[WORK ORDER] Exact wording is required: give all the records again, minus the pictures.

[PROVIDED RECORDS]
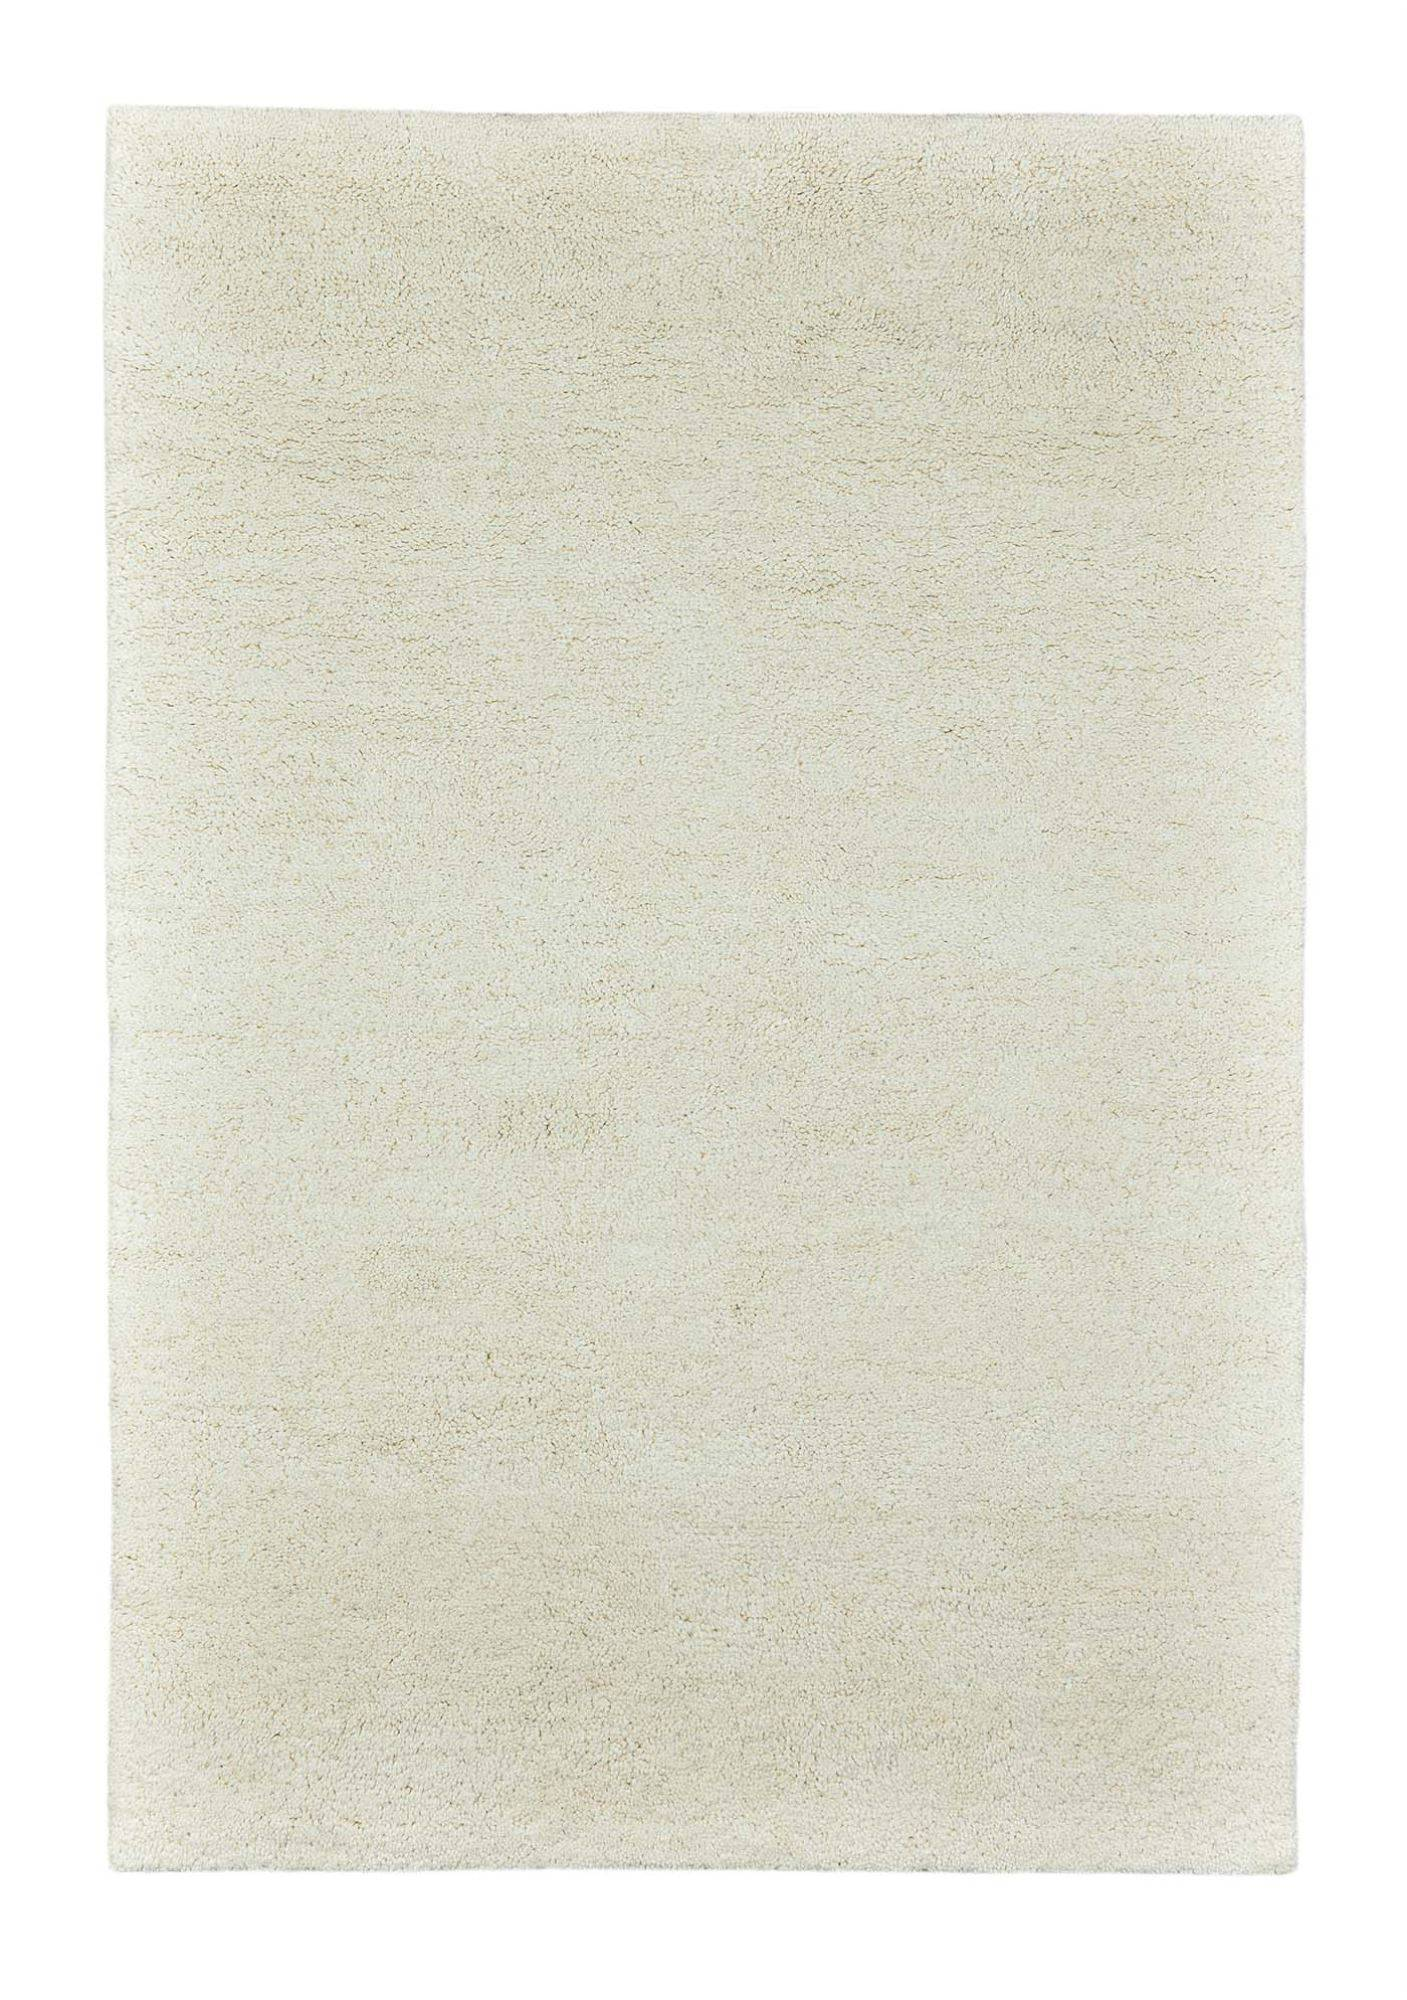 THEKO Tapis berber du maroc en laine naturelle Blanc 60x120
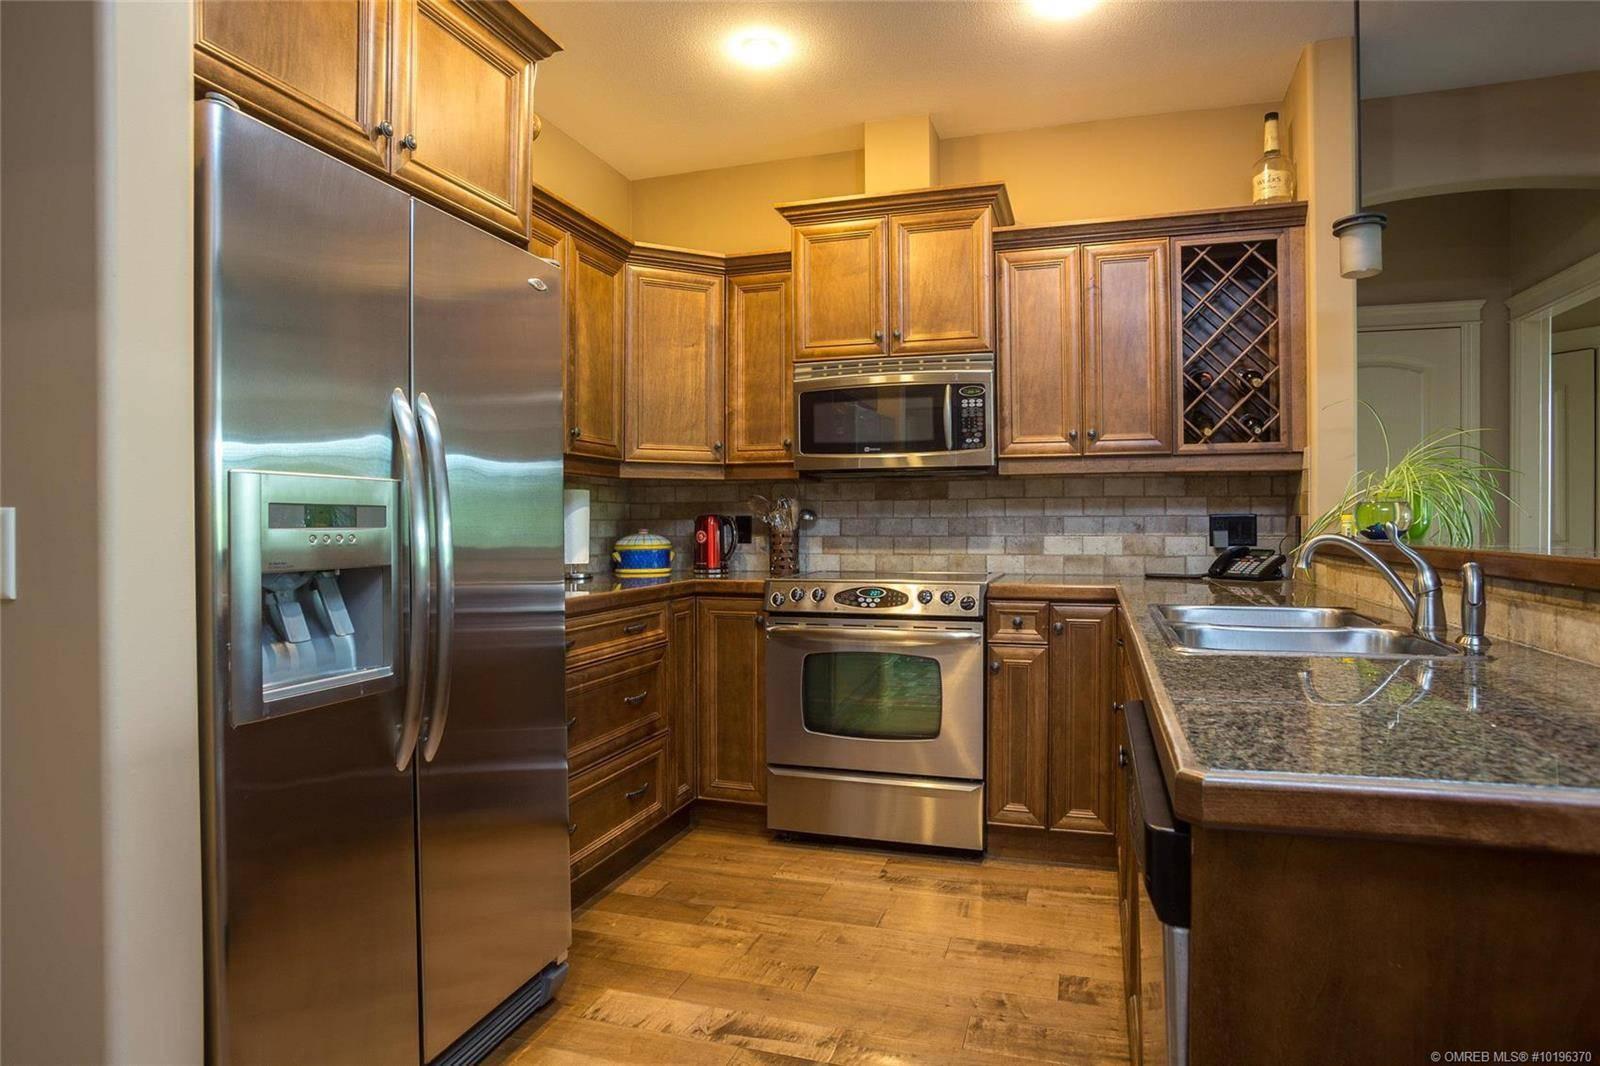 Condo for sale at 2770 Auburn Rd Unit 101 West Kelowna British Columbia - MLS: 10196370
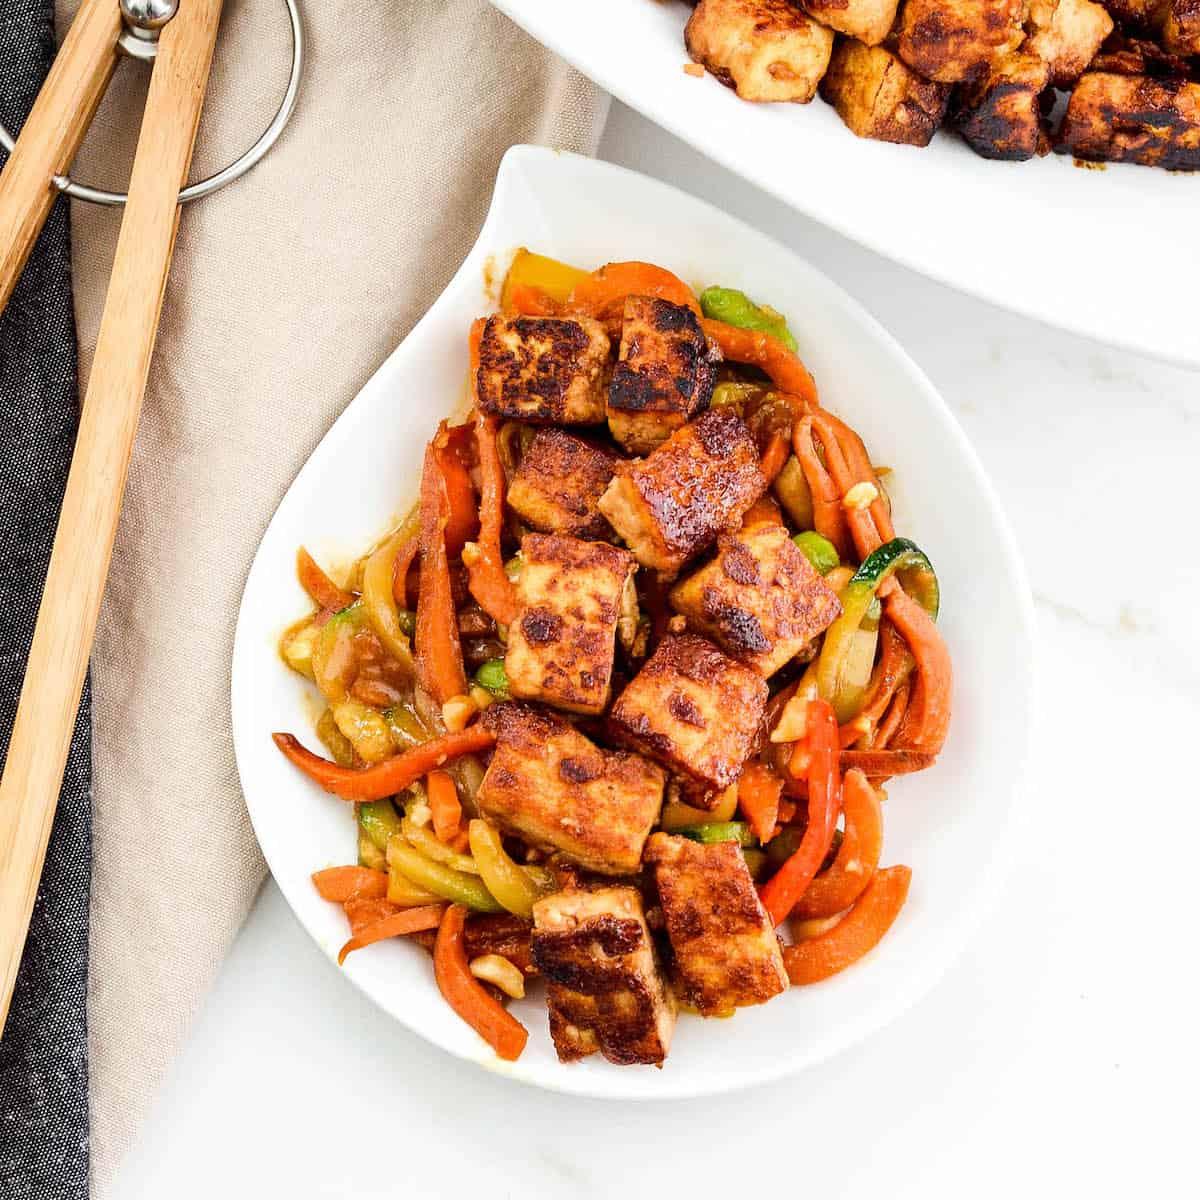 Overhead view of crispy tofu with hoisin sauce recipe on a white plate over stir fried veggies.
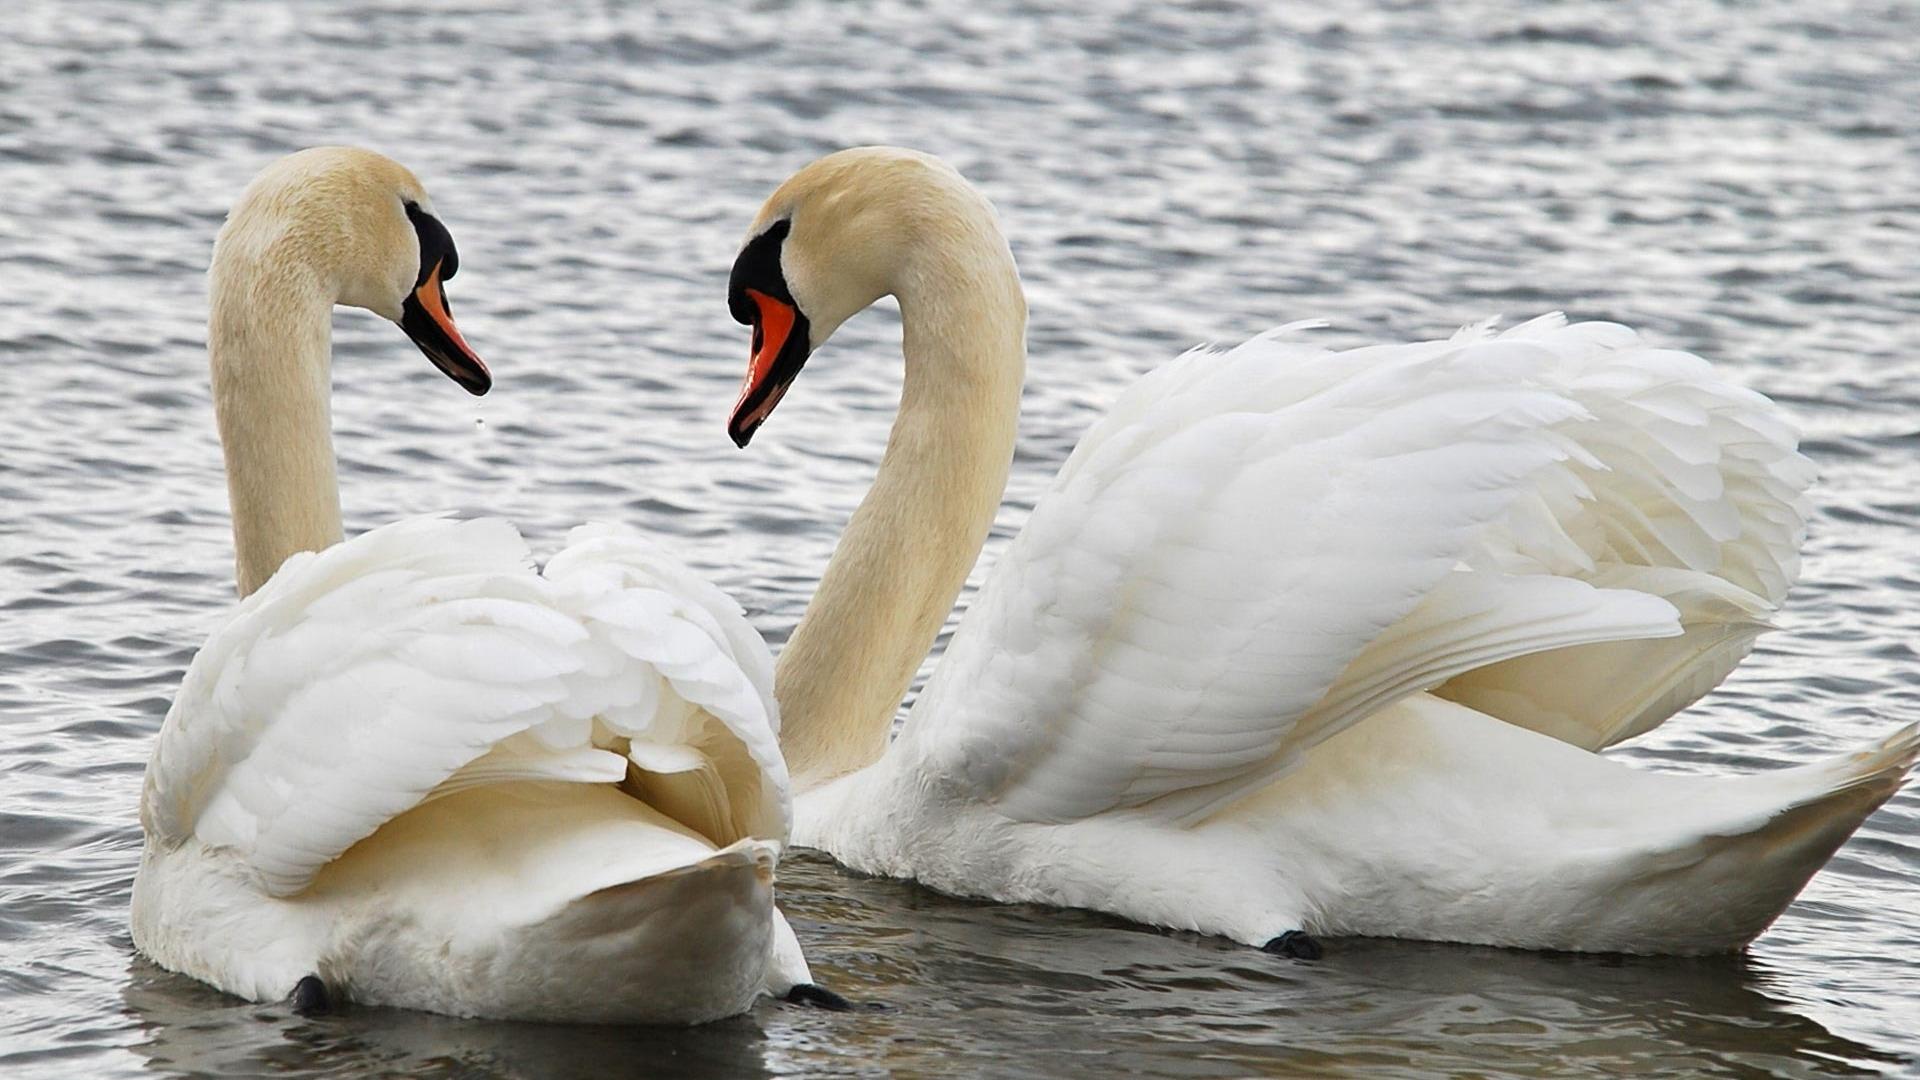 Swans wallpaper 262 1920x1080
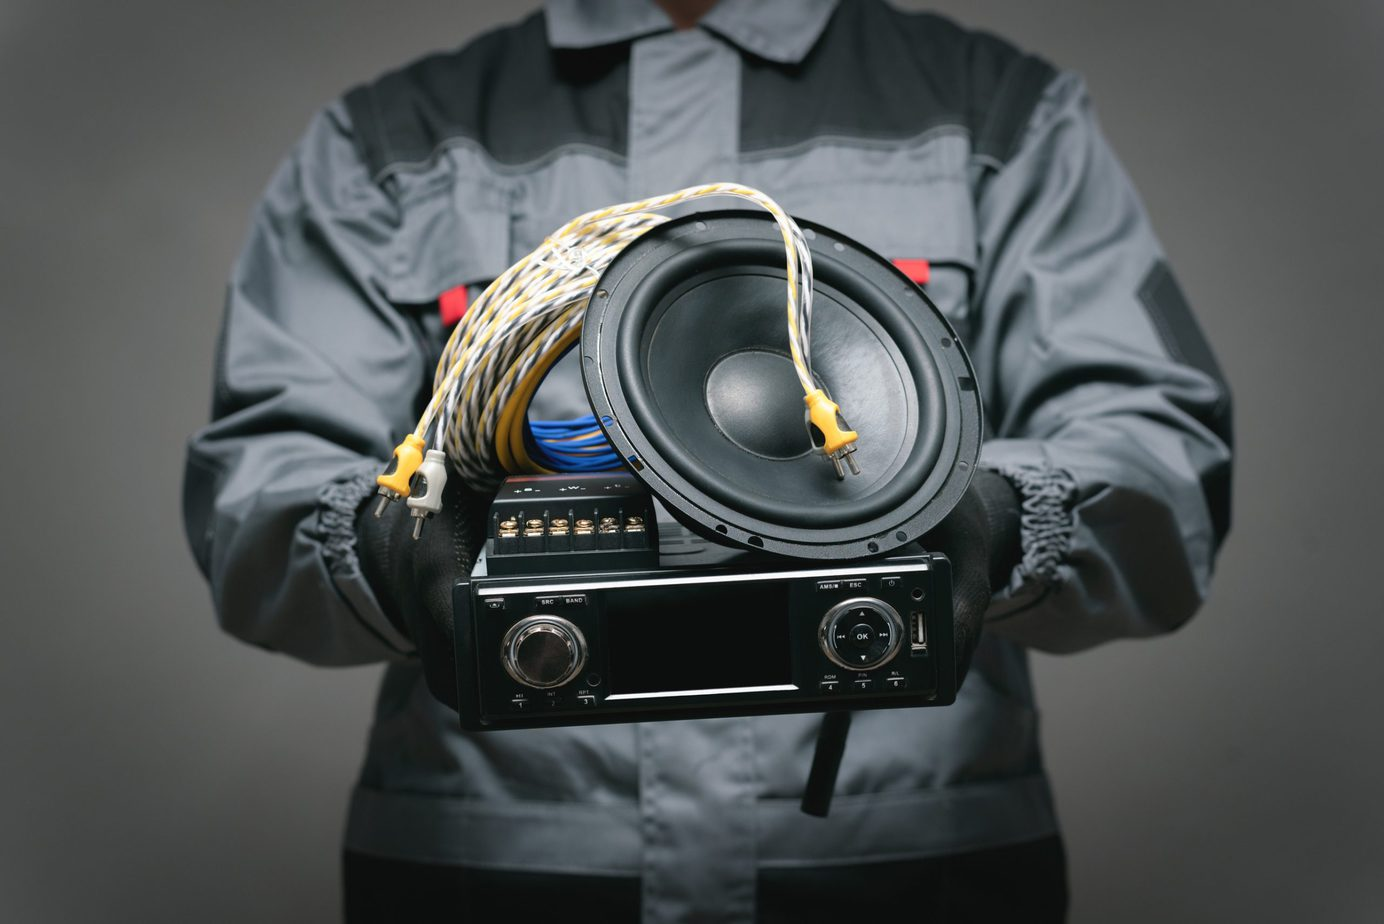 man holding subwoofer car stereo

[RESPONSE TO THIS TASK]
 THEKO Tapis berber du maroc en laine naturelle Blanc 60x120
 Condo for sale at 2770 Auburn Rd Unit 101 West Kelowna British Columbia - MLS: 10196370
 Overhead view of crispy tofu with hoisin sauce recipe on a white plate over stir fried veggies.
 Swans wallpaper 262 1920x1080
 man holding subwoofer car stereo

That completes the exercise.